Think for a moment about the implications of “local energy”. With our continent-wide electric grid, we can’t really know the environmental costs of flipping on a light switch, using a hair dryer, or making toast in the morning, just as we can’t know what went into that industrially-grown tomato from Florida or apple from Chile. Did the power come from a nuclear power plant, a huge hydro project in Canada, or a coal-fired plant in the mid-West? Even if we consider the costs of these sources of power, few of those costs hit home directly or immediately.


Where is this plant?

If our electric needs were sourced locally or regionally, on the other hand, we’d have to balance our desire for power with costs that we bear ourselves. One can imagine lively debates in communities everywhere about what mix of power sources – small-scale hydro, wind, biomass, solar – should be employed. Each of these has trade-offs that might be difficult to balance, but at least the costs and benefits would accrue to the same community.

If the economic, ecological and aesthetic costs were too high, many communities would find ways to limit their use of energy – for example by rejecting building permit applications for “McMansions” that use a disproportionate share of the common, limited energy supply.


Ultimately, a greater reliance on local power would eliminate one of the most destructive side-effects of the grid: the implicit notion that energy is limitless. The expectation is that our homes and workplaces should have as much power as we’re willing to pay for, 24/7, year in and year out. My family no longer has that expectation, because for the last 12 years we’ve lived off the grid. (I don’t suggest that this makes us environmental heroes: I’m well aware that the PV system we rely on also has environmental costs, some quite heavy.) The point is only that our attitude towards energy now includes a healthy sense of limits. If the sun hasn’t been out for a few days we probably can’t run the vacuum cleaner, and we’ll have to use a broom instead. If the sun hasn’t been out for a week, we’ll have to turn off the pump on our deep well, and use the gravity-fed spring instead – which means there won’t be enough pressure for showers. In the best of times we don’t use electricity to toast bread (anything that turns electricity into heat uses a lot of power); instead we only make toast in the winter, when it can be made on the top of our cookstove.


Local power.

These and many other adjustments don’t feel like sacrifices: they’re simple and logical responses to the fact that our source of power is limited and variable. The fuels that power the grid are limited too, as resource depletion and global warming should make clear, but there’s no direct link between that fact and the day-to-day experience of grid-connected life.

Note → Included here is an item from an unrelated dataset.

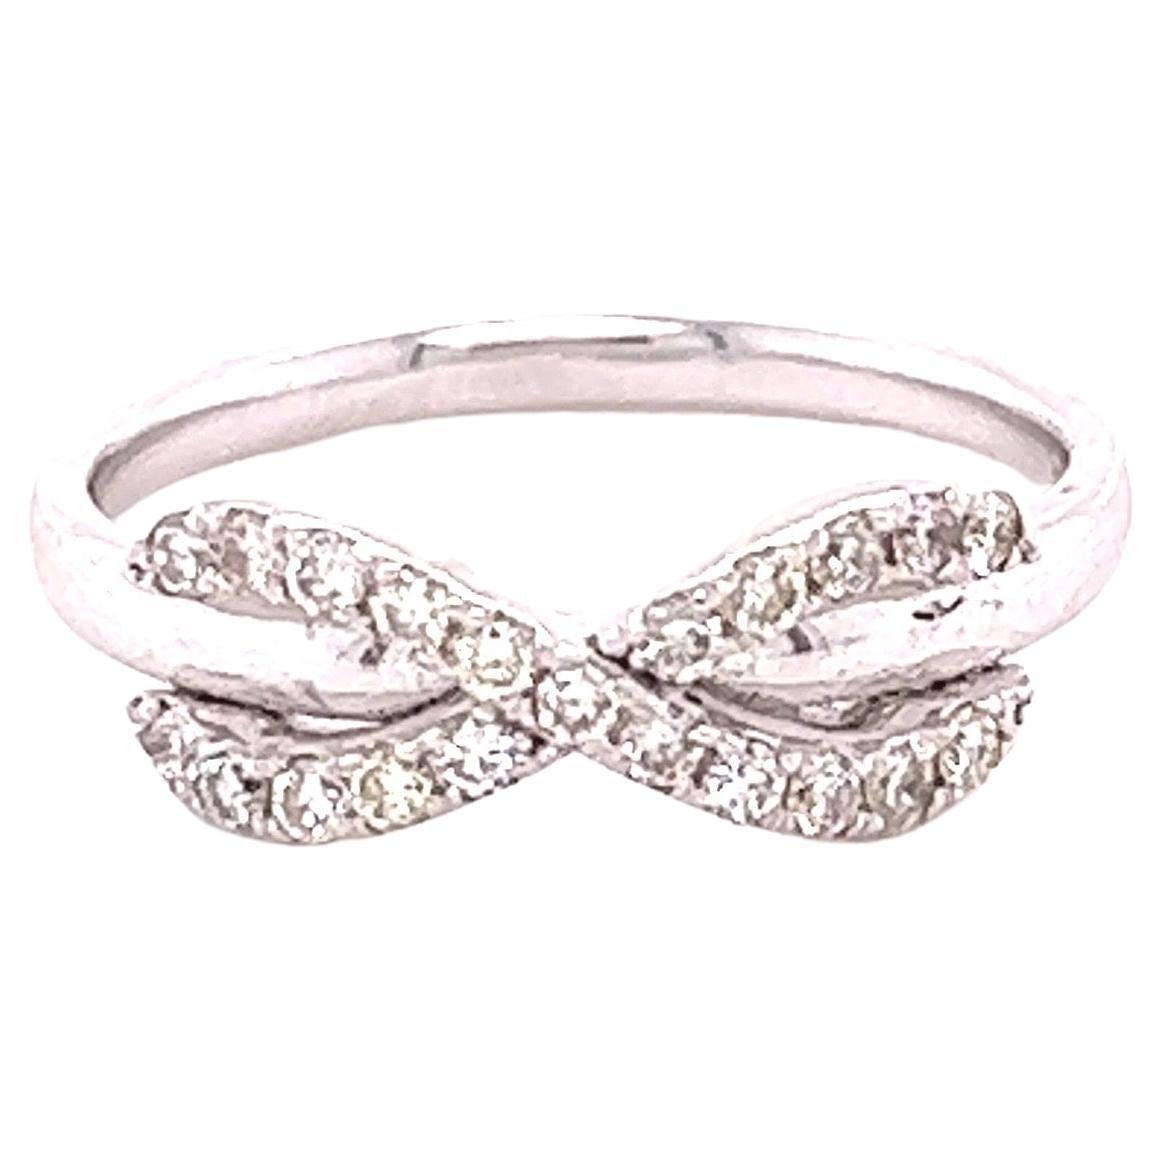 0.29 Carat Diamond 14 Karat White Gold Ring For Sale
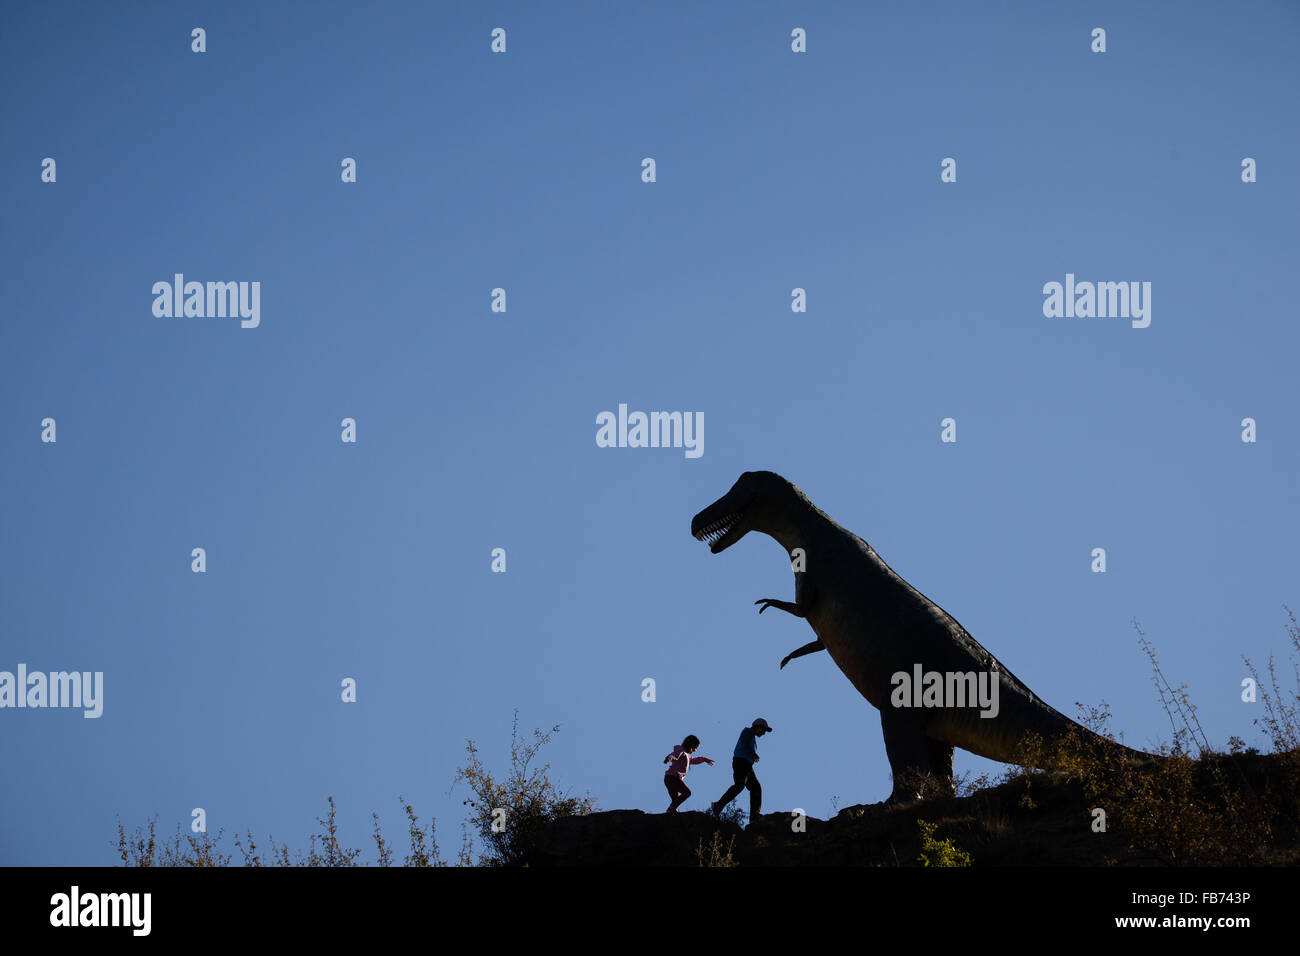 3/10/15 bambini accanto al modello Tyrannosaurus Rex, Enciso, sul percorso del GR93 a lunga distanza percorso, La Rioja, Spagna Foto Stock

Building up decentralized renewable energy systems for local and regional self-reliance might seem too difficult or expensive, but consider the huge subsidies presently given to nuclear power and fossil fuels. Eliminating those subsidies and providing even a fraction of the same amount for smaller-scale, decentralized renewable energy sources would go a long way towards getting us there. The alternative is to assume that the best we can do is inflate our tires properly and screw in a new light bulb, while allowing companies like IBM and Siemens to continue promoting their fantasies of limitless power and endless growth.


Steven Gorelick is the Managing Programs Director of the International Society for Ecology and Culture (ISEC), and co-author, with Helena Norberg-Hodge and Todd Merrifield, of Bringing the Food Economy Home: Local Alternatives to Global Agribusiness as well as co-director of the film The Economic of Happiness.